Bir hafta sonra
“Uyanın bakalım. Babacığınız geldi.” Tony ellerini birbirine vurup oyuncaklarının çalışmasını sağladı “Günaydın, efendim.”
“Günaydın, J. Bugün nasılsın?”
“Teşekkür ederim, efendim.”Steve kollarını sevgilisinin beline doladı “Günaydın.”
“Korktum. Sana da günaydın, sevgilim. Biraz daha uyusaydın sana yemek hazırlayacaktım. Tekrar yatağa dönmek istersen dönebilirsin.” Sarışın adam esmerin ensesini öptü “Henüz aç değilim.” kafasını biraz daha öne uzatıp boynunu öpmeye başladı.“Herkes nerede?” Steve etrafına bakınırken sordu. “Nat Joyce'un evinde kaldı. Thor ve Bruce ise beraber çıktılar.”
KOSKOCA UYARI! bakın ramazan ayındayız siz bilirsiniz yani neyse smut sonunda da şey var yani bölüm boyu sürmüyor
“12 gün,” saatine baktı “5 saat ve 32 dakika” Tony gözlerini kapadı “Neyi sayıyorsun?”

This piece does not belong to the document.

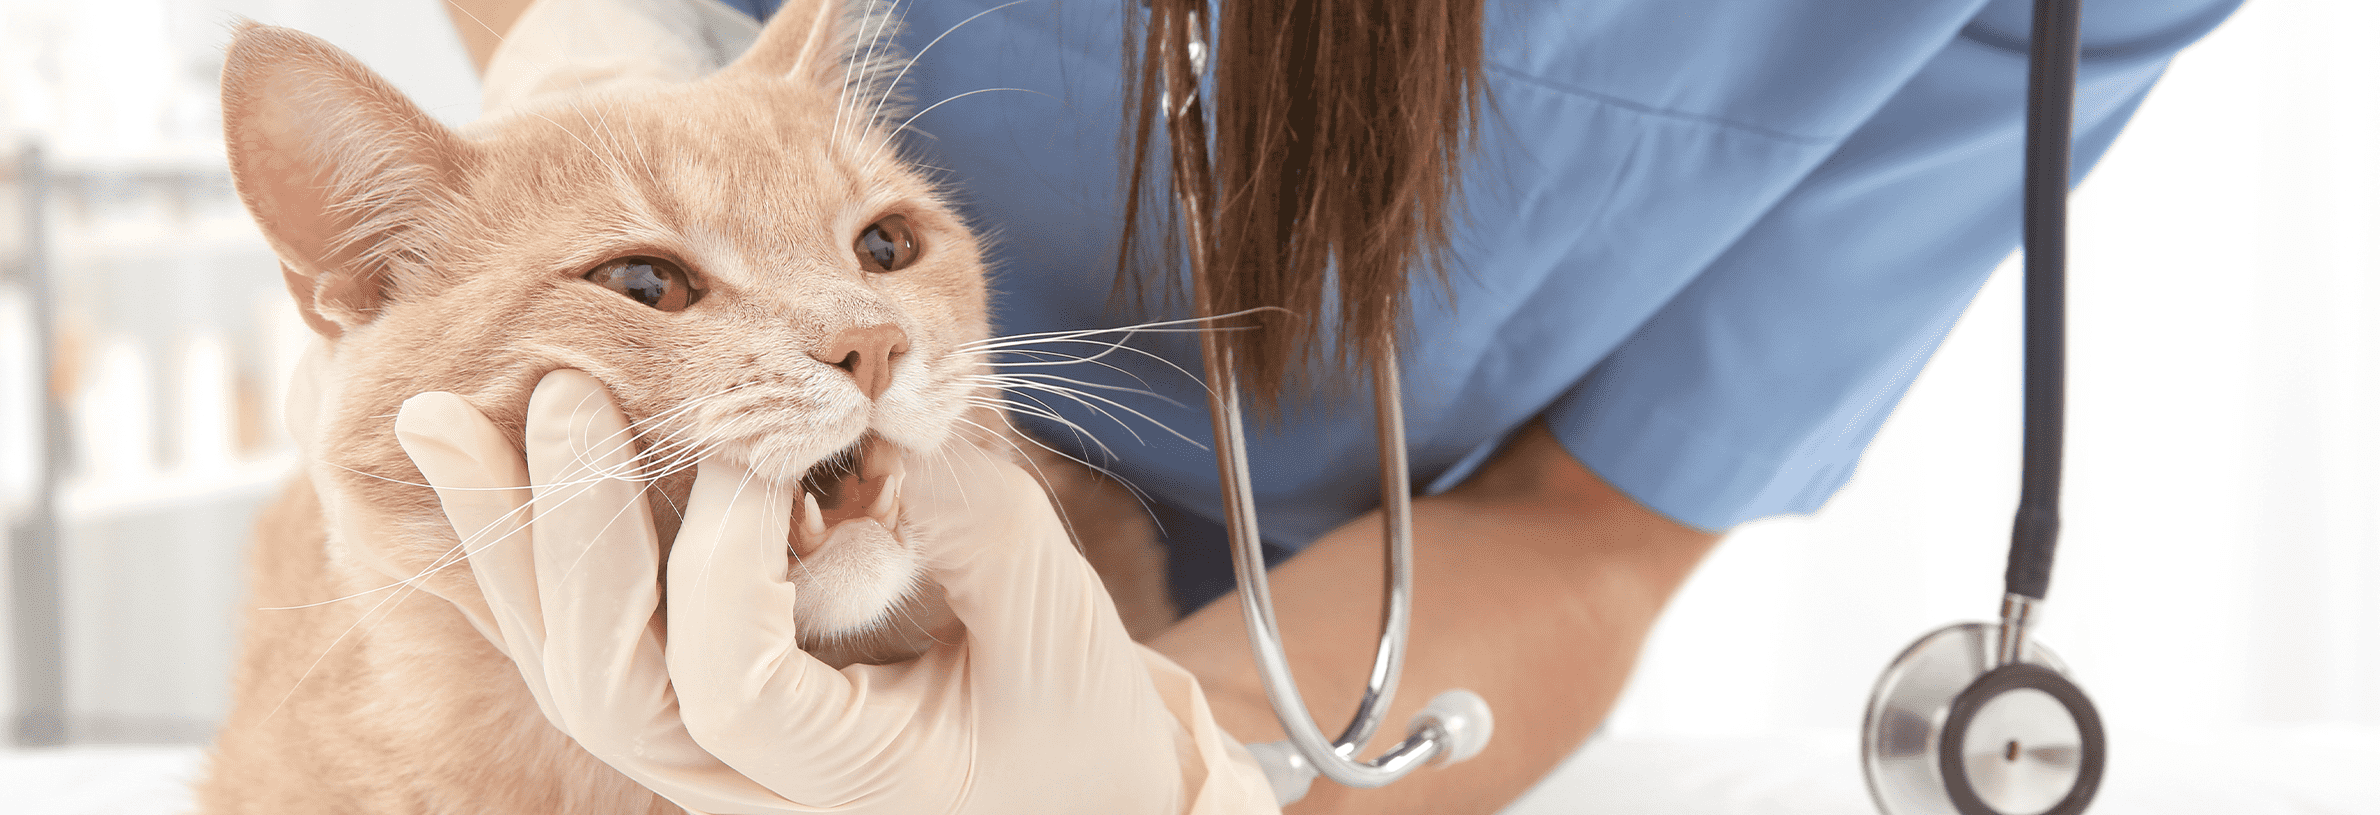 zorg voor een goede gezondheid van het gebit van je kat

“Kaç gündür ayrı olduğumuzu. 33 dakika oldu.” konuşurken bile sevgilisini bırakmıyor hâlâ öpüyordu. Tony kafasını geriye atıp Steve'in omzuna yaslanmasını sağladı “Hmm demek beni çok özledin.”
“Hayal bile edemezsin.” yumuşak öpücükler ısırıklara dönüyordu.Tony ağzından inleme kaçmasına izin verdi. Kalçasında hissettiği sertlikle “Steve-” öpmek için yüzünü sevgilisine dönmeye çalıştı ama Steve onu sıkıca tutuyor, hareket etmesine izin vermiyordu. Ellerini belinden biraz daha aşağı indirip elini sevgilisinin pantolonuna soktu.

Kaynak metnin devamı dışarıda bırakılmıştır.